すべての革命的共産主義者は革共同全国委員会に結集せよ
 
 六一年三月に執筆された本論文は、「革命的」戦旗派の組織戦術のまったき欠如によって、当初企図されたわが同盟との「合同」が完全に挫折した時点にあって、すべての革命的共産主義者にわが同盟への結集を訴え、六〇年ブントの革命的翼との革命的統一の根本的な立場を宣言した記念碑的論文である。
 
 
 三月中旬におこなわれた戦旗派の全国細胞代表者会議は、いわゆる「革命的戦旗派」指導部の完全なイニシァティヴのもとに召集され、運営されたにもかかわらず、逆に、その指導性の衰退と破産を自己暴露したのであった。いなむしろ、破産した共産主義者同盟を革命的に解体し、革命的マルクス主義の旗のもとに再組織していくための闘争において、その決定的な桎梏がほかならぬ「革命的戦旗派」指導部にこそきわめて集約的に内在していたことを明白に再確認させずにはおかなかったのである。同時にそれは、先月中旬の戦旗派中央の「統一」決議以来の「革命的戦旗派」指導部の約一カ月にわたる組織活動とその「立脚点」の非組織性と自己欺瞞が、地方からの代表によって徹底的に切開され、打倒される過程でもあったのである。

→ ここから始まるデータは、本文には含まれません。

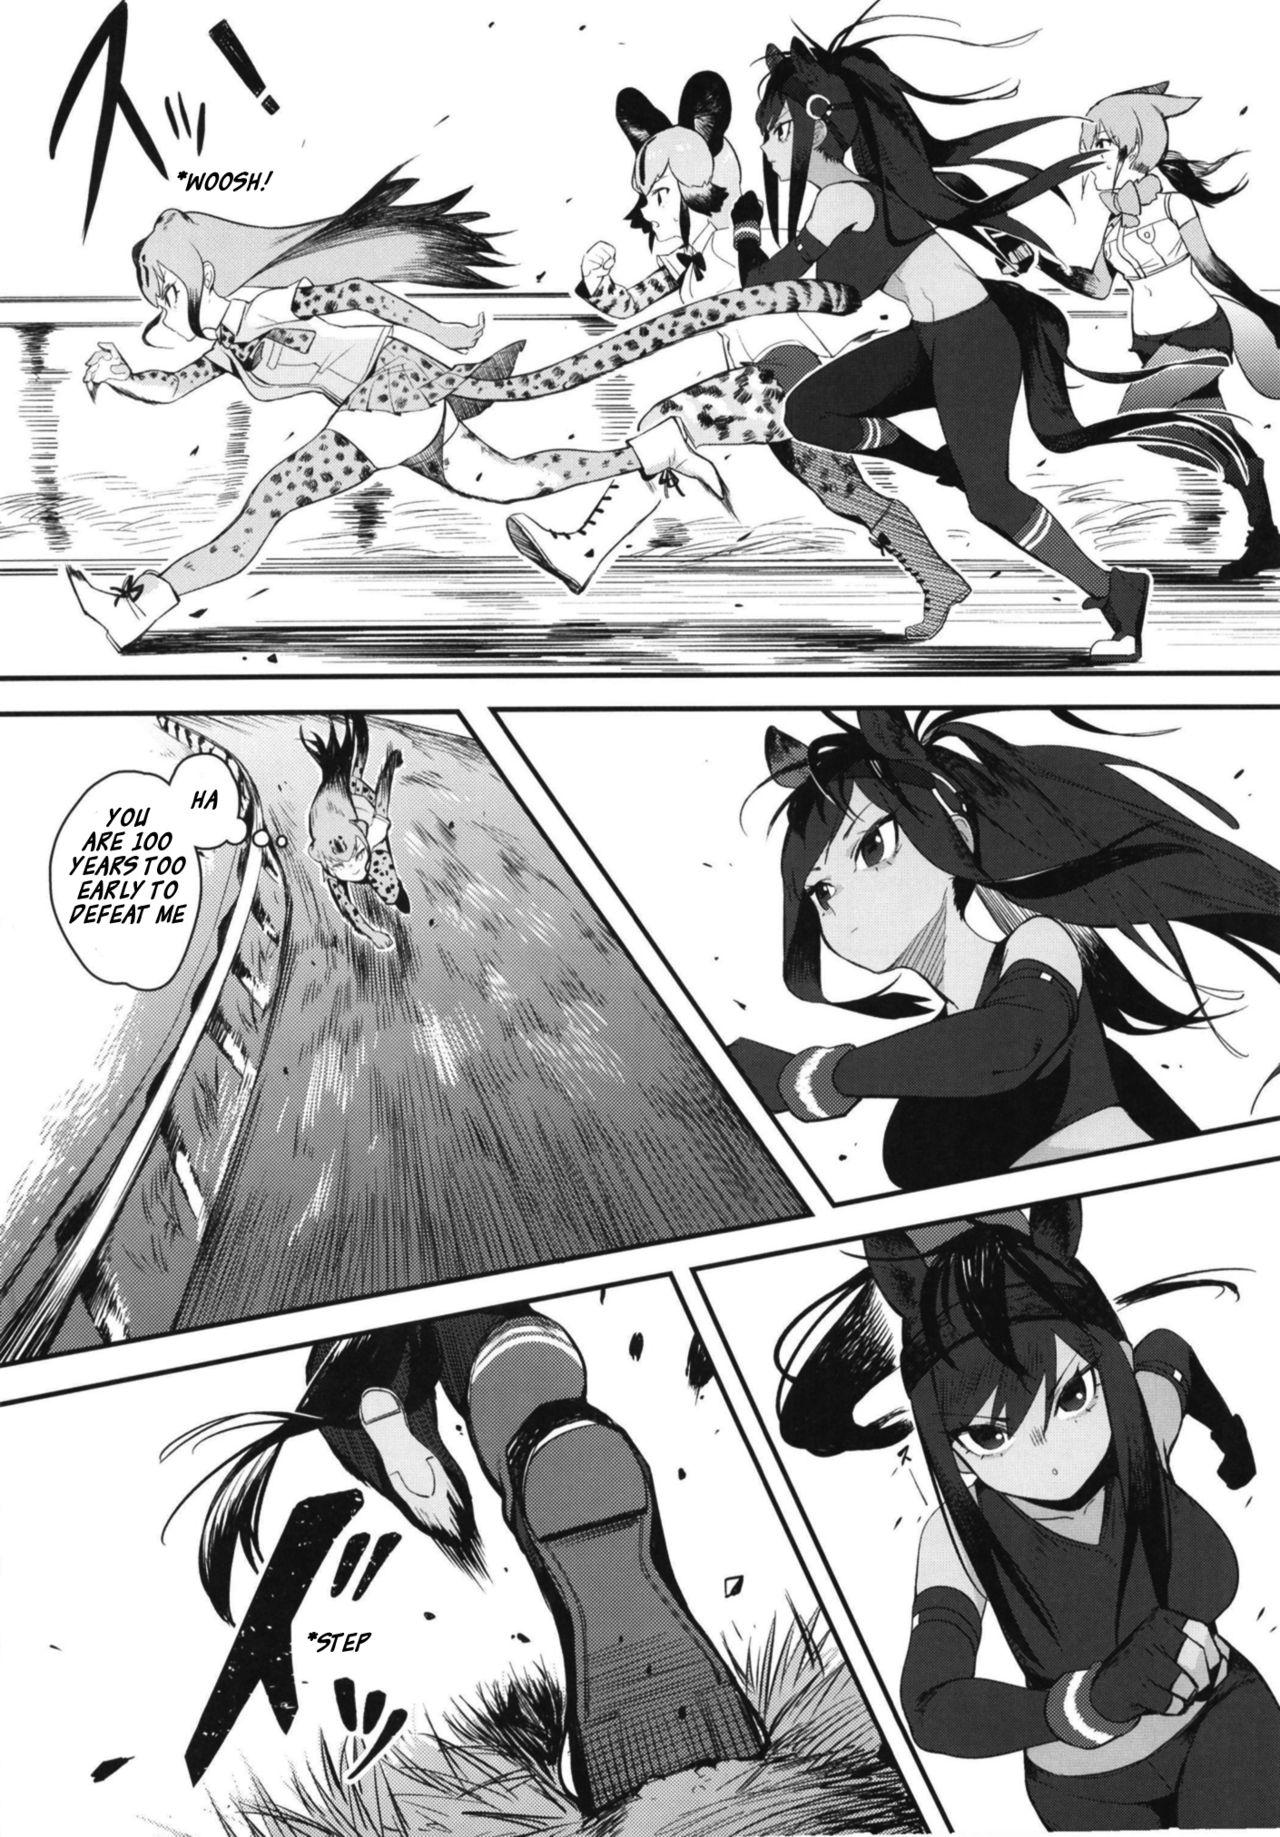 Spreadeagle Thoroughbred Early Days 2 - Kemono friends Dominant - Page 4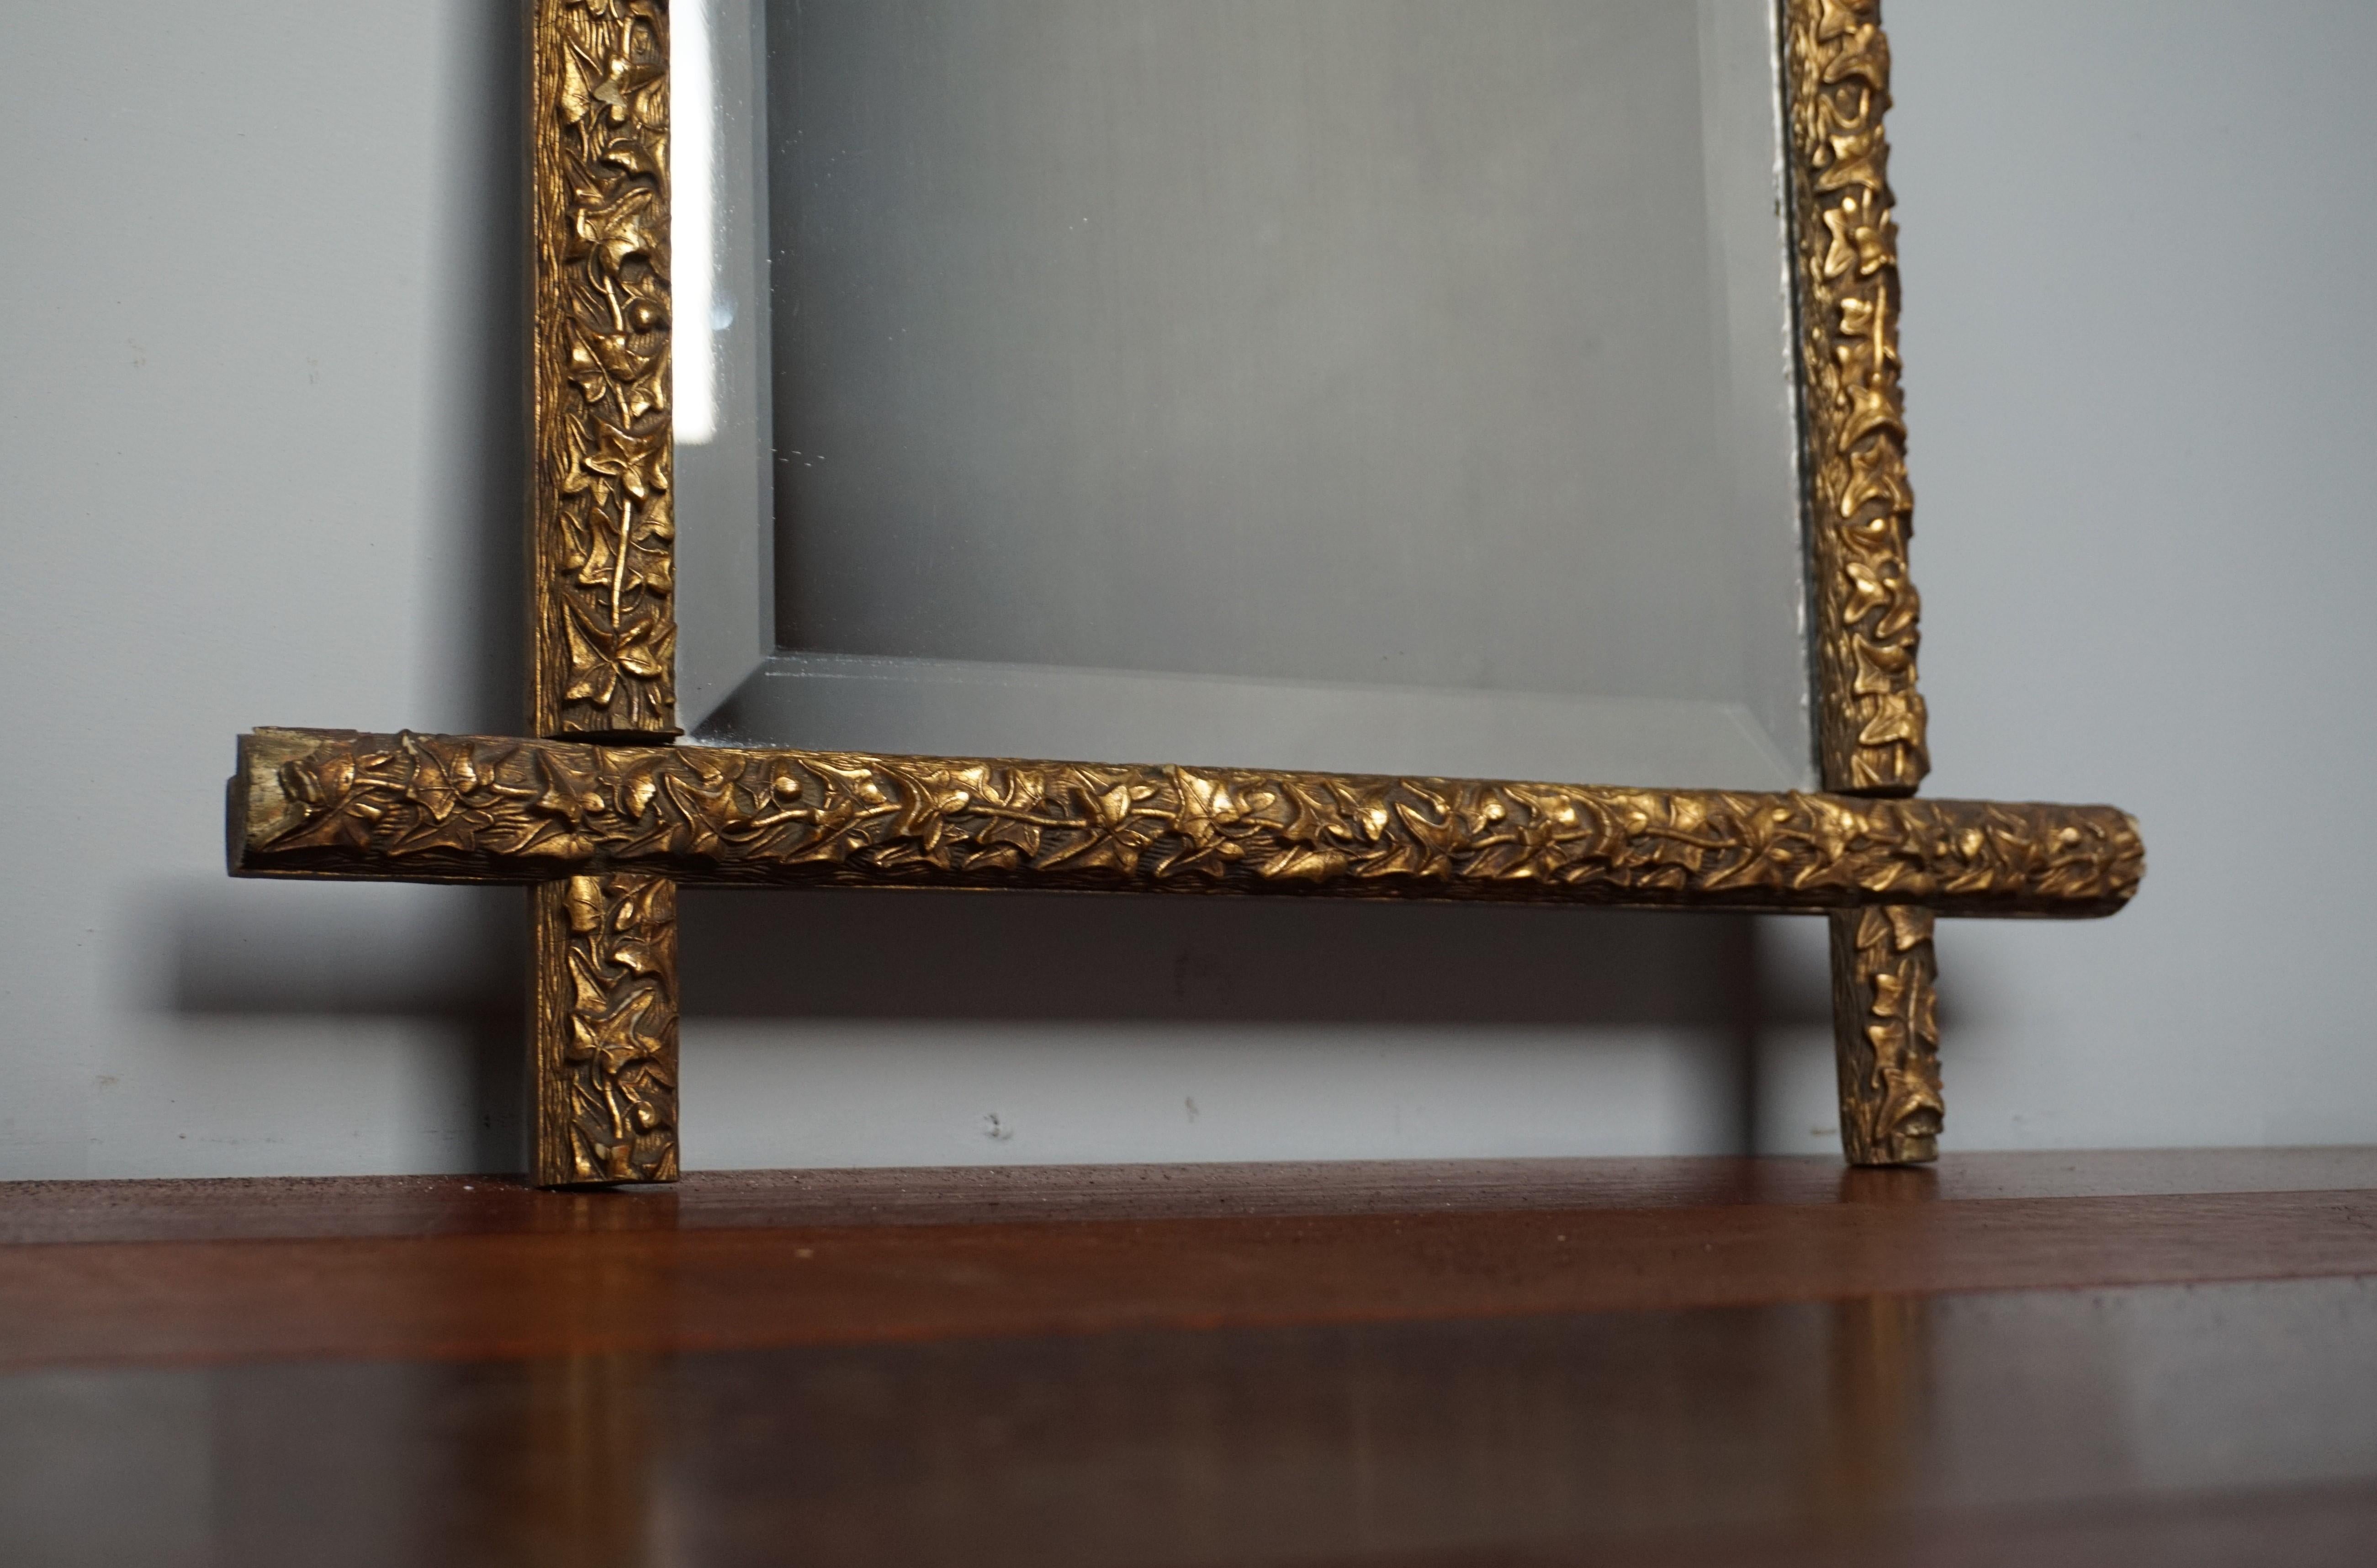 Antique Handcrafted Gothic Revival Gilt Leafs on Wooden Frame 1880s Cross Mirror For Sale 3

 こんにち、すでに、こうした危機を打開し、克服するための苦闘が、革命的戦旗派の内部で力強く胎動しはじめている。われわれは、こうした胎動を革命的プロレタリア党のための闘争の決定的契機に転化させるために、(1)戦旗派の「統一」決議が共産主義者同盟の解体過程に投じた影響を検討し、(2)革命的戦旗派指導部の「自己否定=立脚点」の自己欺瞞と組織戦術の欠如とその破産を無慈悲に暴露し、(三)緊急の組織問題についてのわれわれの立場をあきらかにしなければならない。
 戦旗派中央が二月中旬に、全国委員会との「原則的統一を部分的保留を除いて決意し、決定した」(『戦旗』五二号)という事実は、あきらかに、破産した共産主義者同盟の解体過程にきわめて決定的な影響をなげかけずにはおかなかった。なぜなら、破産した共産主義者同盟の解体=没落過程の「苦悩の表現」としての分派闘争の革命的止揚は、ただ、わが全国委員会との「原則的統一」によってのみ根底的に可能であることを、この「決議」は、不十分な規定性においてではあったが、無視しえぬ重みをかけて提出したからである。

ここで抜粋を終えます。